Using the fatigue “percentage failure” data from multiple test batches, a cumulative failure distribution can be plotted as shown in the following illustration.

By curve fitting the data to an appropriate distribution, reliability can be determined at various pressure levels by reading the corresponding axis values. From the data in the above graph, the 50% failure rate can be expected at about 200MPa. Also, a 1% failure rate (99% reliability) can be expected at just over 100MPa.
Recall that: Reliability = 1/(Failure Probability)
In a similar way, reliability can be extrapolated from the curve all the way down to the parts-per-million (PPM) failure probabilities.
Confidence Levels - How many test samples are needed?
Any time reliability of a product is assessed, the assessment itself always comes along with a certain amount of confidence. The only way to increase the confidence level of the testing performed is to increase the number of samples being tested.

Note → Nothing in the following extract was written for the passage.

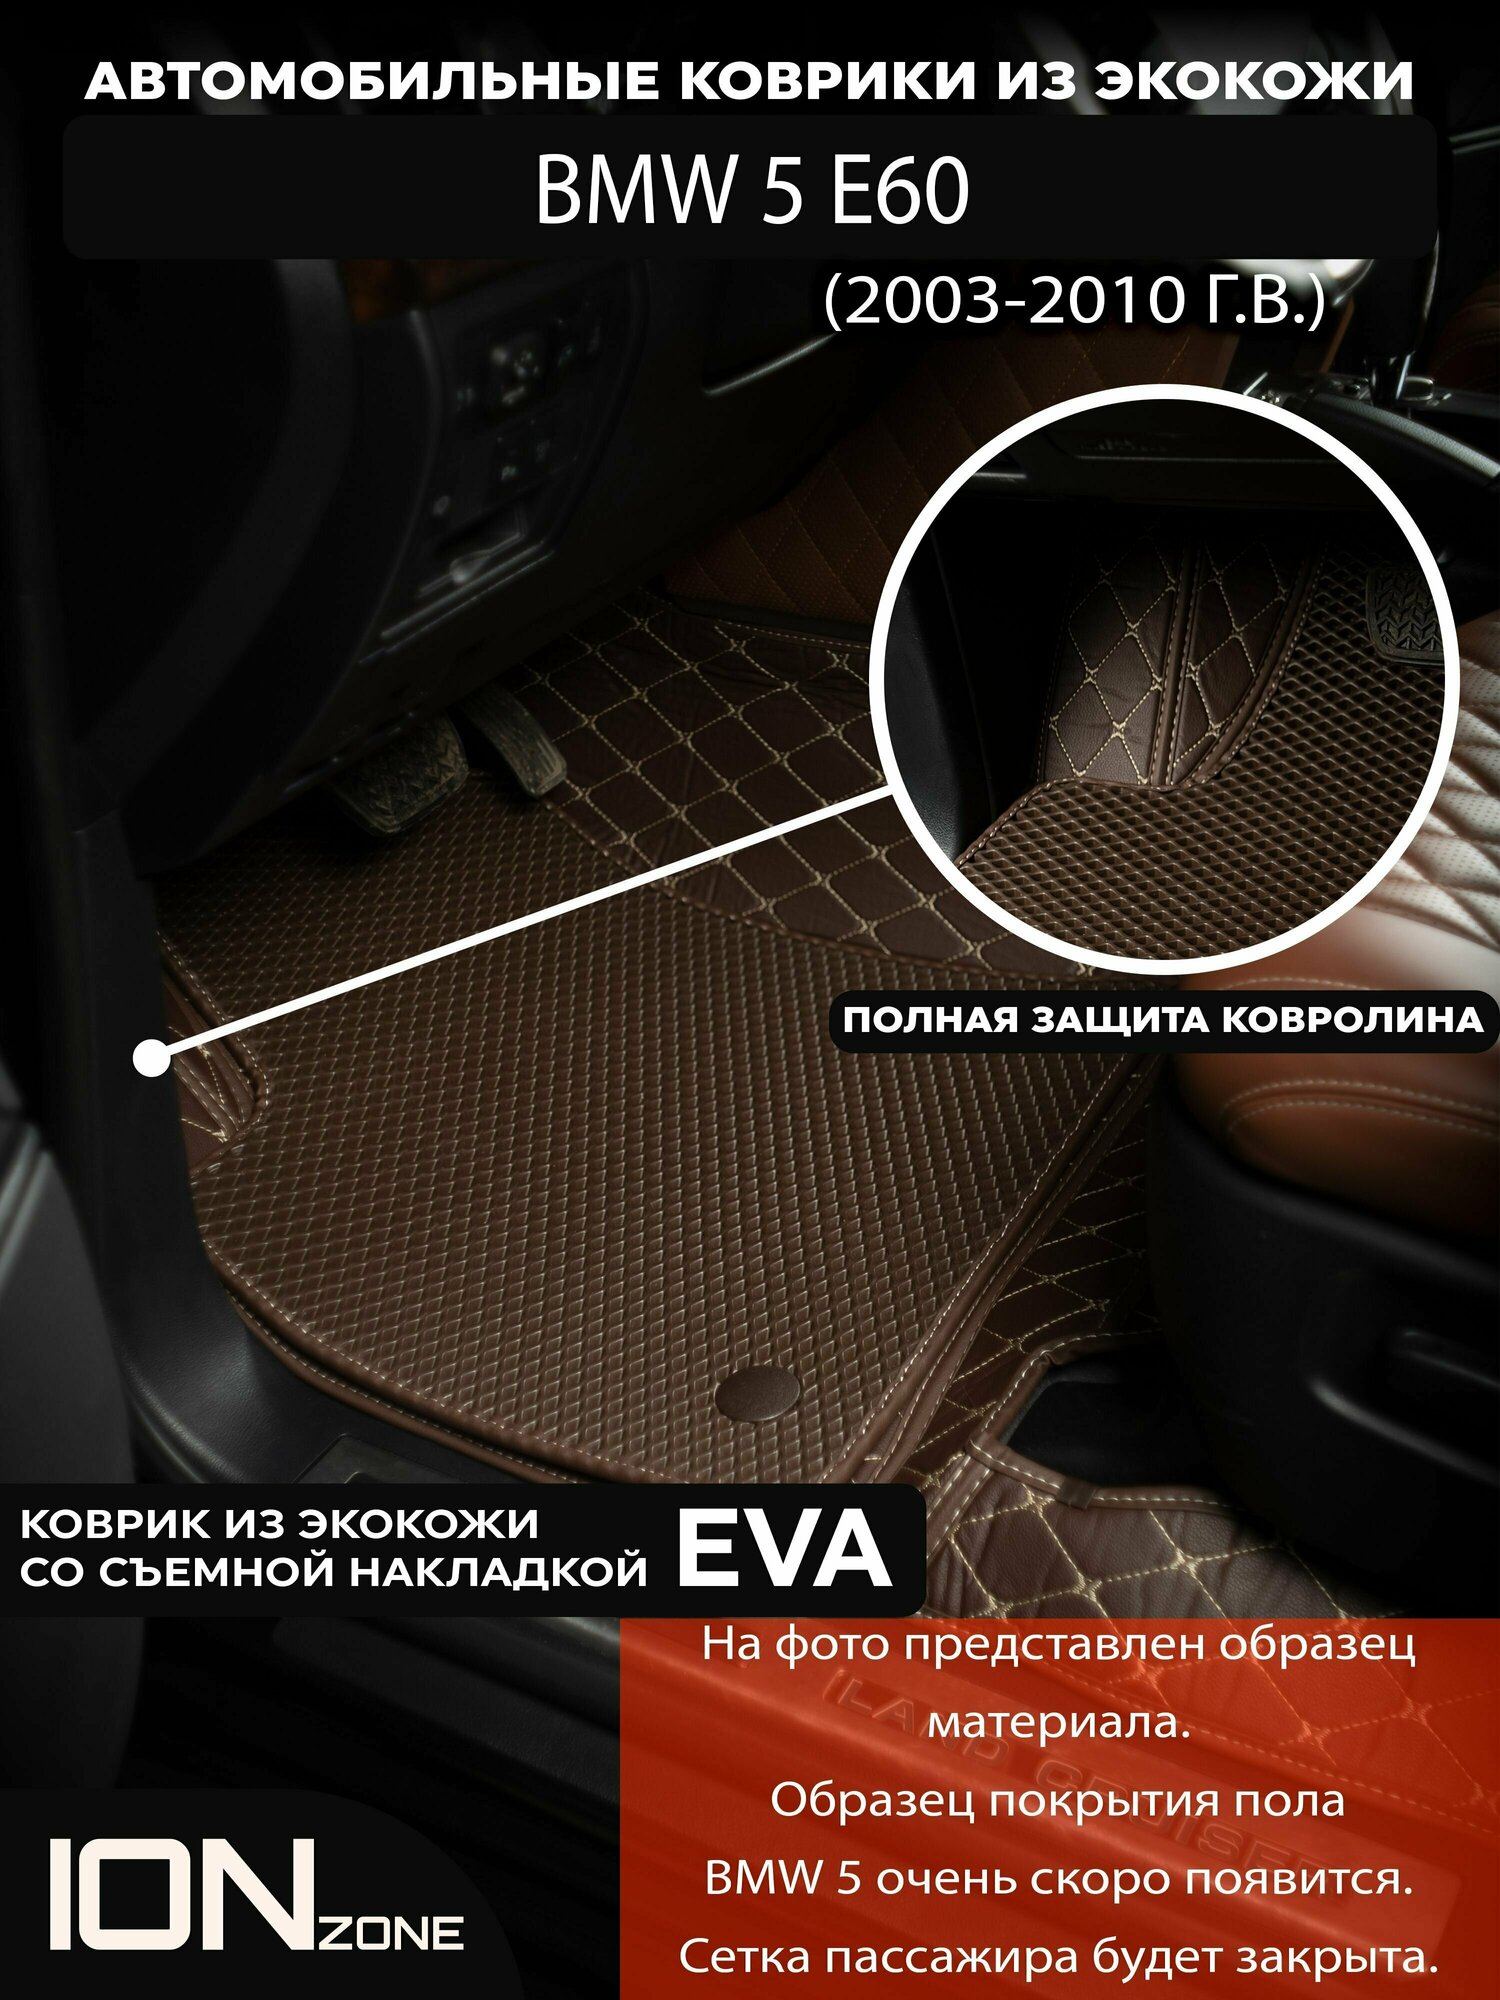 Автомобильные 3D коврики из экокожи на BMW 5 (2003-2010)
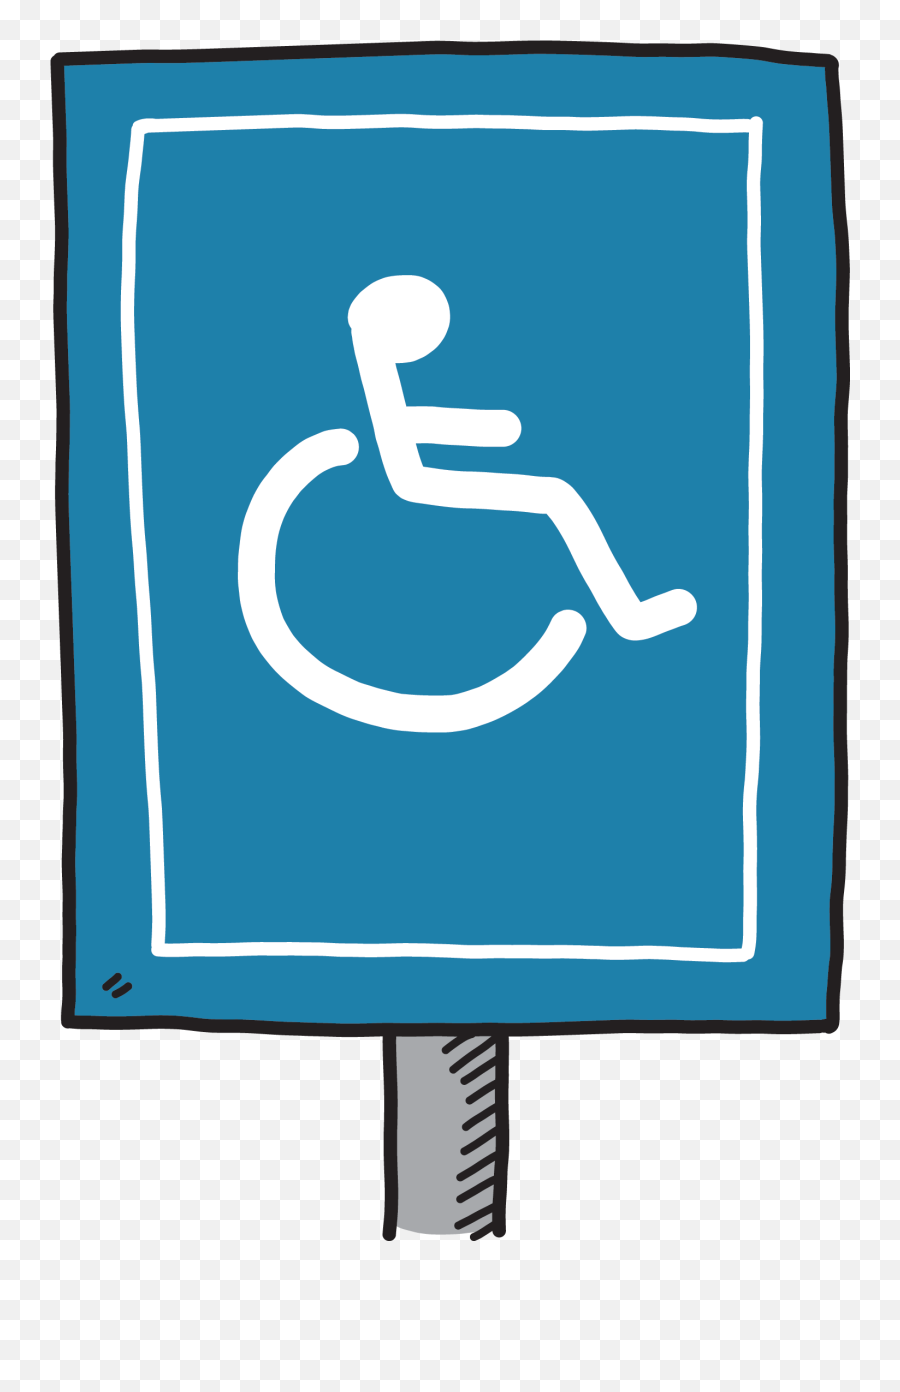 International Symbol Of Access - All Gender Bathroom Sign Parking Disabled Sign Emoji,Bathroom Sign Png

If only a small number of samples are to eventually be produced in serial production, only a small number of test samples are needed to accurately represent the total population. It is more likely, however, that a very large number of samples are to be produced. This actually increases the number of test samples needed in order to accurately represent the entire population.
There is a significant amount of software out there to assess the confidence interval associated with any curve fitted data. Also, the further any curve is extrapolated outside of the range of test parameters, the greater the spread in the confidence intervals. These equations are quite complex and vary with the distribution type. Due to this complexity, the following is intended to give a guideline to the number of test samples that will generally be needed.
One way to express the confidence is to state that the mean value of the test data is within a measurable error of the true mean of the entire population with a given confidence, usually in the 90%-99% range. For example, we could set up a test with 95% confidence that the test data accurately predicts the true mean life (or any other reliability level for that mater) within a maximum error of +/- 25%. When the confidence interval is taken into account, there needs to be sufficient gap (conservatism) between the reliability curve and the customer requirement to cover this uncertainty.
A conservative estimate for the number of test samples needed given an acceptable margin of error for a 95% confidence level is:
where: |
N = 1/e2 N = Total Test Samples Needed |
Using the above example of 25% maximum acceptable error and 95% confidence, the minimum number of test samples is 16. This can be used to illustrate meeting a specific customer requirement as follows:

In the above example, the customer may have a requirement for 5,000 cycles at the tested pressure level with 99% reliability and 95% confidence. The fitted curve indicates that at 5,000 cycles, a lower-bound 95% confidence limit reliability of 99.4% can be achieved, therefore meeting the customer requirement. Another way of looking at this is that the product is capable of 6,000 cycles at the tested pressure level with 99% reliability and 95% confidence.